# Import libraries

In [1]:
import os
os.environ["TOKENIZERS_PARALLELISM"] = "false"
import time
import pandas as pd
#import torch

from huggingface_hub import login
from datasets import load_dataset
from unsloth import FastLanguageModel
from unsloth import is_bfloat16_supported
from peft import PeftModel

🦥 Unsloth: Will patch your computer to enable 2x faster free finetuning.
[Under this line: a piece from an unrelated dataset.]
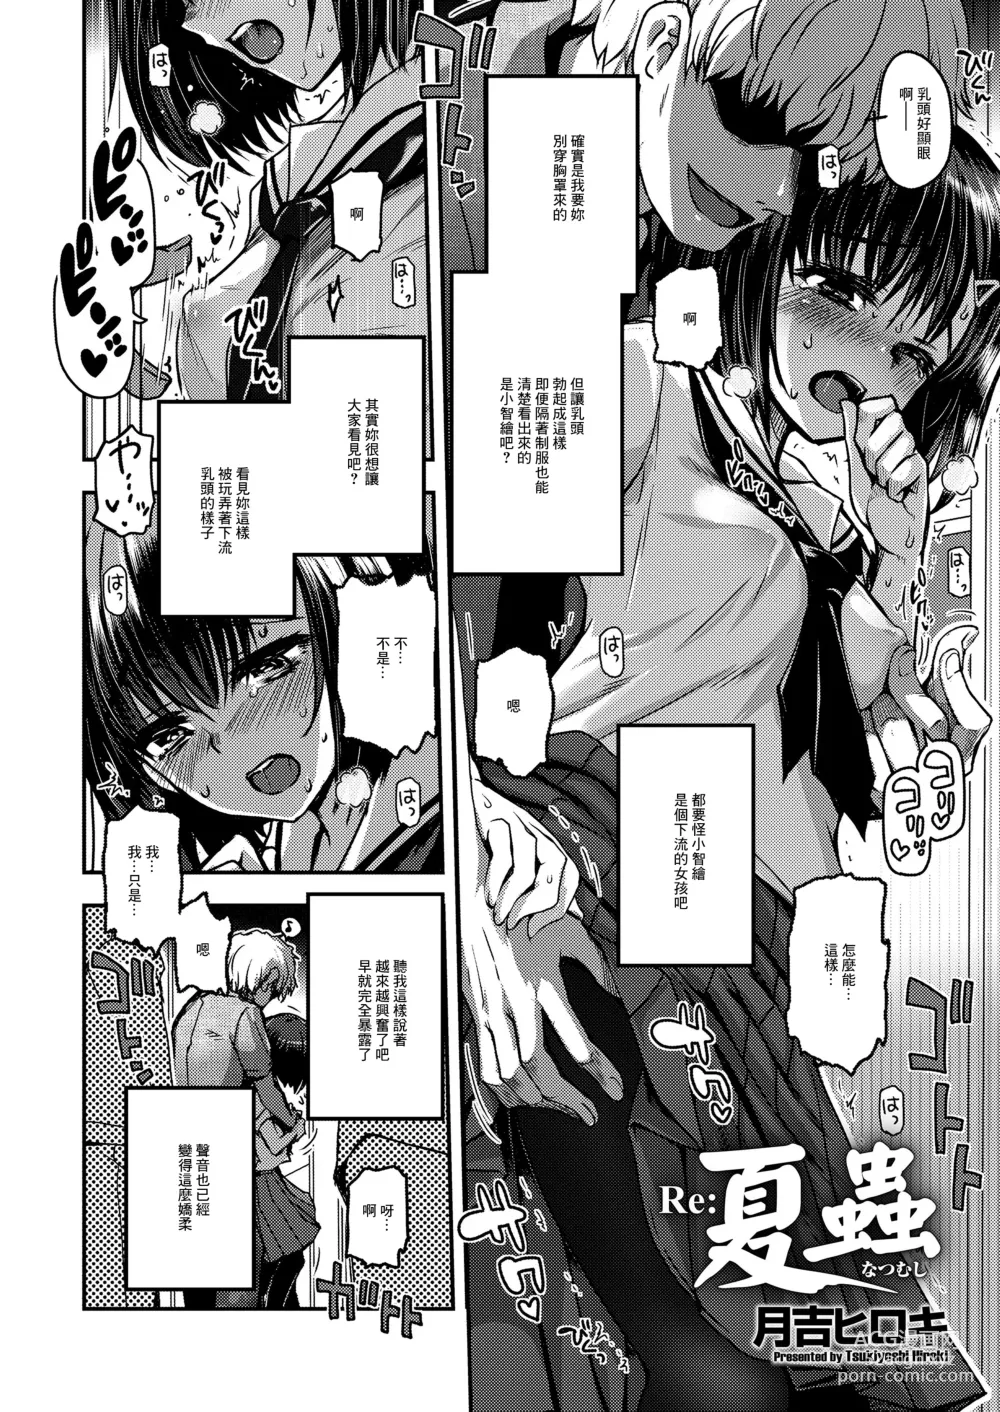 Page 2 of manga Re: Natsumushi

# Set Paths and Hyperparameters

In [None]:
# Base path
base_path = os.path.abspath(os.path.join(os.getcwd(), '..', '..', '..', '..', '..'))

# Best model stored under
best_model = "epoch_2" ##############Change this eventually!!#####################

# Source and target language
source_language = "English"
target_language = "Early Modern Bohemian German"

# Translation direction
translation_direction = "DE_to_EN" if source_language == "Early Modern Bohemian German" else "EN_to_DE"

# Model parameters
unsloth_model_name = 'unsloth/gemma-2-2b-it-bnb-4bit'
company_name = 'alphabet'

model_name = unsloth_model_name.split('/')[1]
max_new_tokens = 2000           # Maximum number of model output
max_seq_length = 5000         # Maximum of input tokens
dtype = None                    # None for auto detection. Float16 for Tesla T4, V100, Bfloat16 for Ampere+
load_in_4bit = True             # Use 4bit quantization to reduce memory usage. Can be False.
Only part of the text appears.